2021 EDR Prize Winners Announced
The Elizabeth D. Rockwell Center on Ethics and Leadership at the Hobby School of Public Affairs at the University of Houston has awarded a prize of $12,000 for the best 2021 article on ethics, leadership, and public policy. An award of $3,000 is given for honorable mention.
WINNER
Shannon Portillo, Domonic Bearfield & Norma M. Riccucci , The Disenfranchisement of Voters of Color: Redux, Public Integrity (2021)
Focusing on recent legislation restricting voting access and its impact on people of color and low-income whites, this article explores the ethical obligations of public election administrators who are called upon to implement laws with overtly partisan, undemocratic implications. Public administrators are meant to serve as stewards of governance, ensuring democratic principles are carried out in effective, efficient, and equitable ways. Restrictive election laws create an ethical dilemma for elections administrators as they are challenged to find a way to serve as stewards of our democratic values while remaining neutral in the partisan policy-making process. While public administrators have an obligation to be non-partisan, the authors argue that they also have an obligation to uphold equity in voting. They conclude that the traditional view of public administrators as having a responsibility to remain strictly neutral without directly advocating for policy change is too constrained.

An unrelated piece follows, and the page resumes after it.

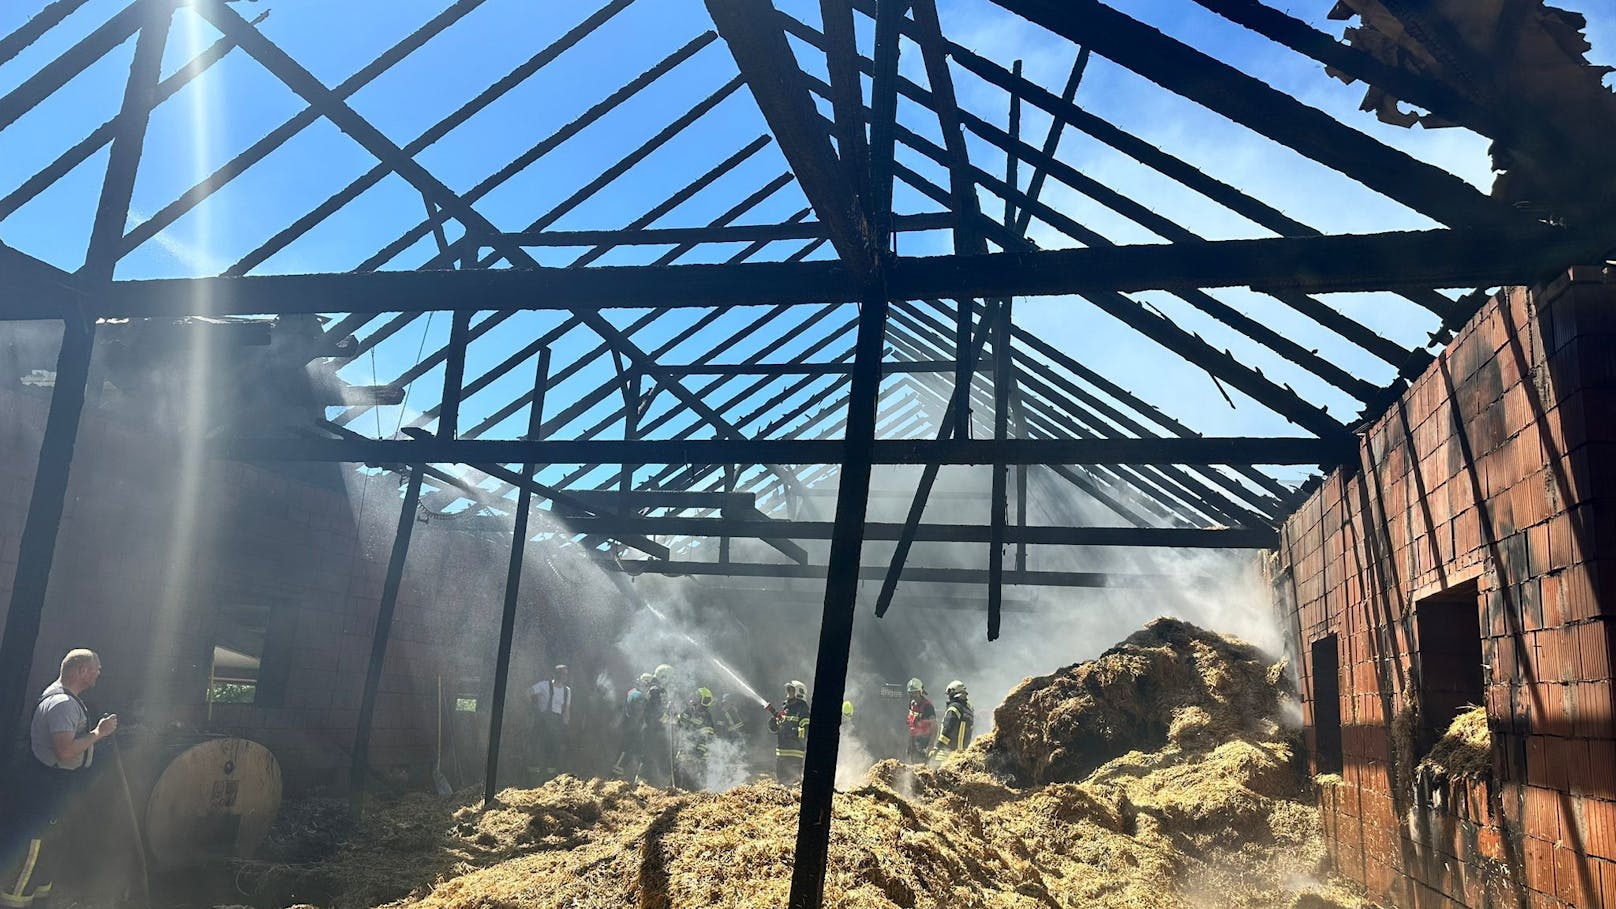 Bauernhof in Flammen – Feuerwehr rettet 120 Milchkühe

The “Disenfranchisement of Voters of Color: Redux” exemplifies rigorous empirical scholarship while raising important ethical questions with real-world relevance. The scholarship is original, written in a clear and accessible way, and addresses a timely public policy issue. The prize committee determined it would be an excellent article to teach in ethics and public administration/public policy class because it engages important issues about the role of administrators in implementing policies that seem, on their face, undemocratic.
HONORABLE MENTION
Andreas Schmidt, Getting Real on Rationality—Behavioral Science, Nudging, and Public Policy, Ethics 2019
Nudging seeks to improve people’s decisions through small changes in their choice environments. Researchers have found, for example, that by placing healthy foods at the top or bottom of menus, they can increase the amount of healthy food people order. Nudge policies are often justified on the grounds that they compensate for the biases and blunders that are built into people’s automatic or intuitive response systems. Some critics, therefore, object that nudging treats people disrespectfully as irrational. Schmidt defends nudging against these objections. He argues that these objections against nudging rest on a heroic understanding of rationality which associates it with universal prescriptions, slow and careful deliberation, and attending to all relevant information. He instead defends an ecological model of rationality that considers a decision as rational when the combination of a person’s psychological makeup and their decision-making procedures allow them to reliably achieve their ends in a given environment. From this perspective, nudging not only is compatible with the rational agency but can even support it. Accordingly, Schmidt argues that a concern with rationality speaks for more rather than less public policy nudging. He concludes that public policy nudging can play a significant role in helping people to behave more rationally by adjusting choice environments to people’s psychological makeup and their decision-making procedures.
“Getting Real on Rationality—Behavioral Science, Nudging, and Public Policy” draws on behavioral economics, psychological research, and philosophical argumentation to defend a more widespread use of nudge policies by policy-makers. The article moves from detailed analytical arguments to real-world examples to raise questions about the justifiability of policies that encourage or discourage various behaviors. The prize committee found the article to be an exceptionally clear and readable and important addition to debates about economic rationality and standards of liberalism, and also identified it as an excellent article to teach in ethics and public administration/public policy class.